The forward pass of Lightning Attention-2 can be expressed as:
Ot+1​=[(Qt+1​Kt+1⊤​)⊙M]Vt+1​+ΛQt+1​(KVt​)
where M is a mask and Λ is a diagonal matrix containing decay rates.
The backward pass involves a reverse process with similar tiling and separation of intra- and inter-block computations.
Experimental Evaluation and Results
The authors conducted comprehensive experiments to evaluate the performance, speed, and memory utilization of Lightning Attention-2. They integrated it into the TransNormerLLM model and utilized the Metaseq framework. The experiments were performed on a GPU cluster featuring 128 A100 80G GPUs.
Figure 2: Comparative illustration of training speed, Token per GPU per Second (TGS) for LLaMA with FlashAttention-2, TransNormerLLM with Lightning Attention-1 and TransNormerLLM with Lightning Attention-2.
The results demonstrate that Lightning Attention-2 achieves superior computational speed and reduced memory footprint compared to FlashAttention-2 and Lightning Attention-1. As shown in Figure 2, Lightning Attention-2 maintains a consistent training speed regardless of input sequence length, while other attention mechanisms experience a significant decline in performance as sequence length increases.
Figure 3: Comparative Analysis of Speed and Memory Usage, showing runtime in milliseconds and memory utilization for forward and backward passes.
Furthermore, Figure 3 illustrates the runtime for forward and backward propagation, demonstrating that Lightning Attention-2 exhibits linear growth, in contrast to the quadratic growth of baseline methods. The LLMing performance of TransNormerLLM-0.4B with Lightning Attention-2 was also evaluated, revealing a marginal performance difference compared to Lightning Attention-1.
Figure 4: Performance Comparison of HGRN, TNN, LLaMA with FlashAttention2 and TransNormerLLM with Lightning Attention-2.
Additionally, the TNL-LA2 model achieved marginally lower loss compared to other models under review in both 1B and 3B parameters, as shown in Figure 4.
Implications and Future Directions
Lightning Attention-2 represents a significant advancement in managing long sequences in LLMs. The findings suggest that Lightning Attention-2 offers a significant advancement in managing unlimited sequence lengths in LLMs. It allows for training LLMs from scratch with long sequence lengths without additional cost.
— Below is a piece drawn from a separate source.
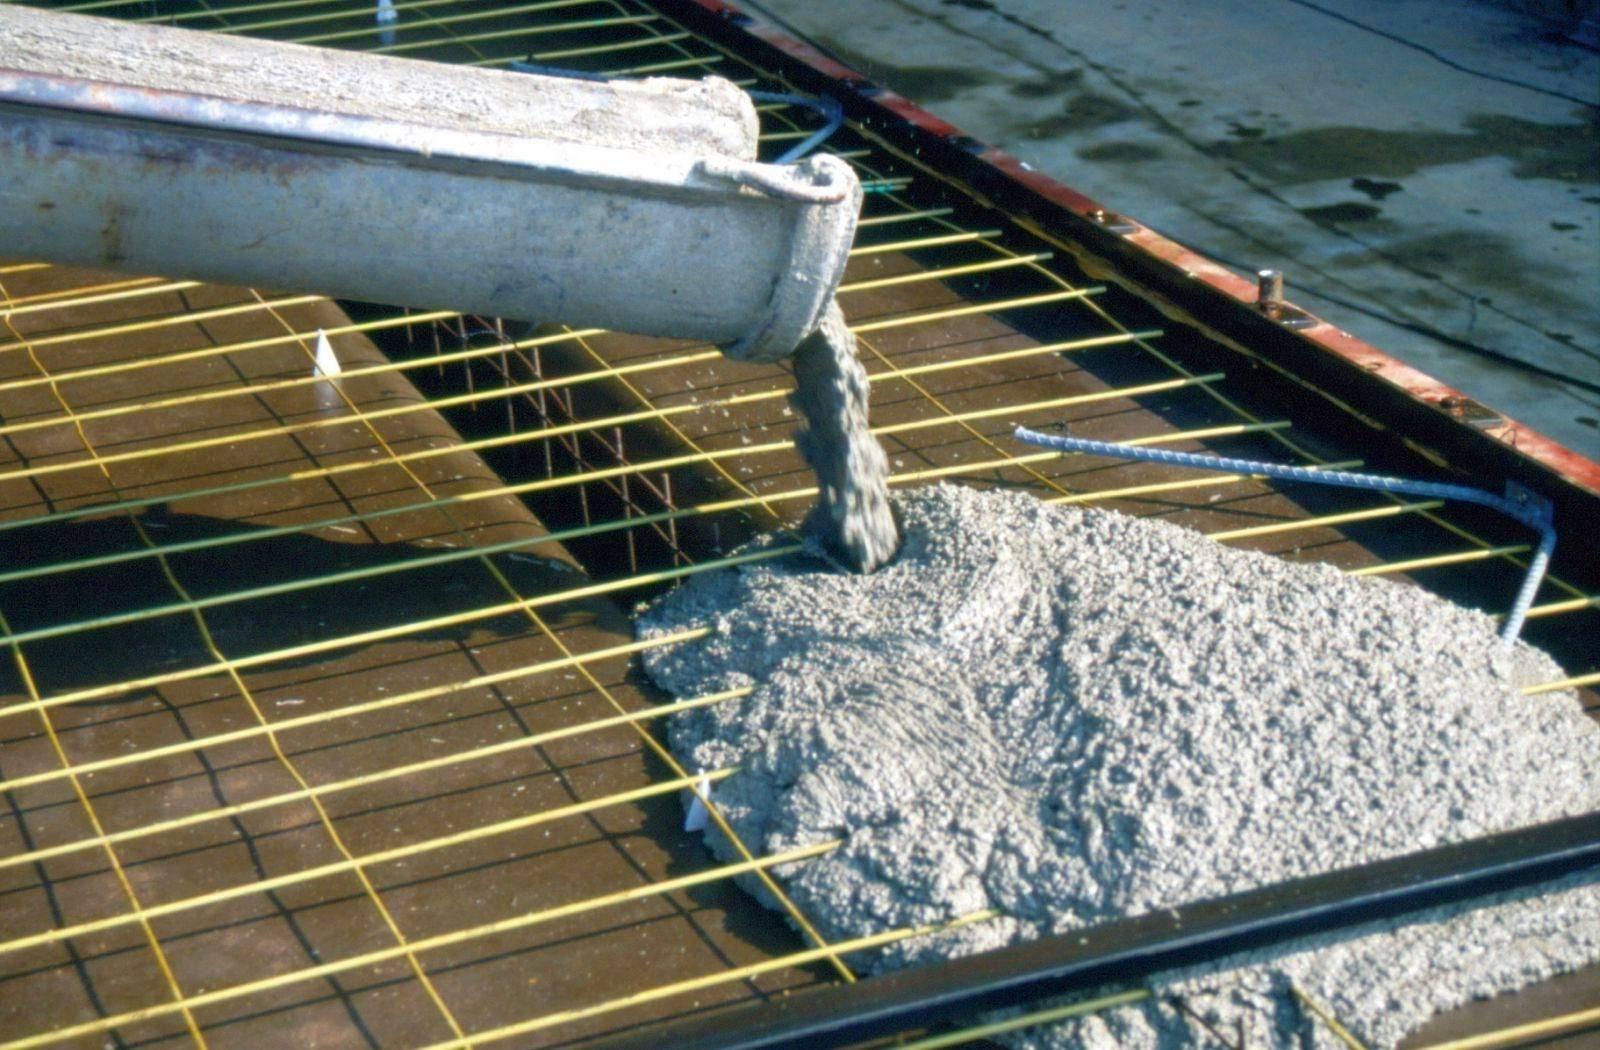 Фото заливки бетона купить битый бетон в нижнем новгороде

Its ability to maintain consistent training speeds and reduce memory footprint has profound implications for various applications requiring the processing of long sequences. The authors plan to introduce sequence parallelism in conjunction with Lightning Attention-2, further improving the ability to train on extremely long sequences.
Conclusion
The introduction of Lightning Attention-2 offers a practical solution for handling unlimited sequence lengths in LLMs. By addressing the limitations of existing linear attention algorithms, Lightning Attention-2 paves the way for more efficient and scalable LLMs, particularly in applications that demand the processing of extensive textual data. This work contributes to the ongoing efforts to enhance the efficiency and scalability of LLMs, pushing the boundaries of what is computationally feasible.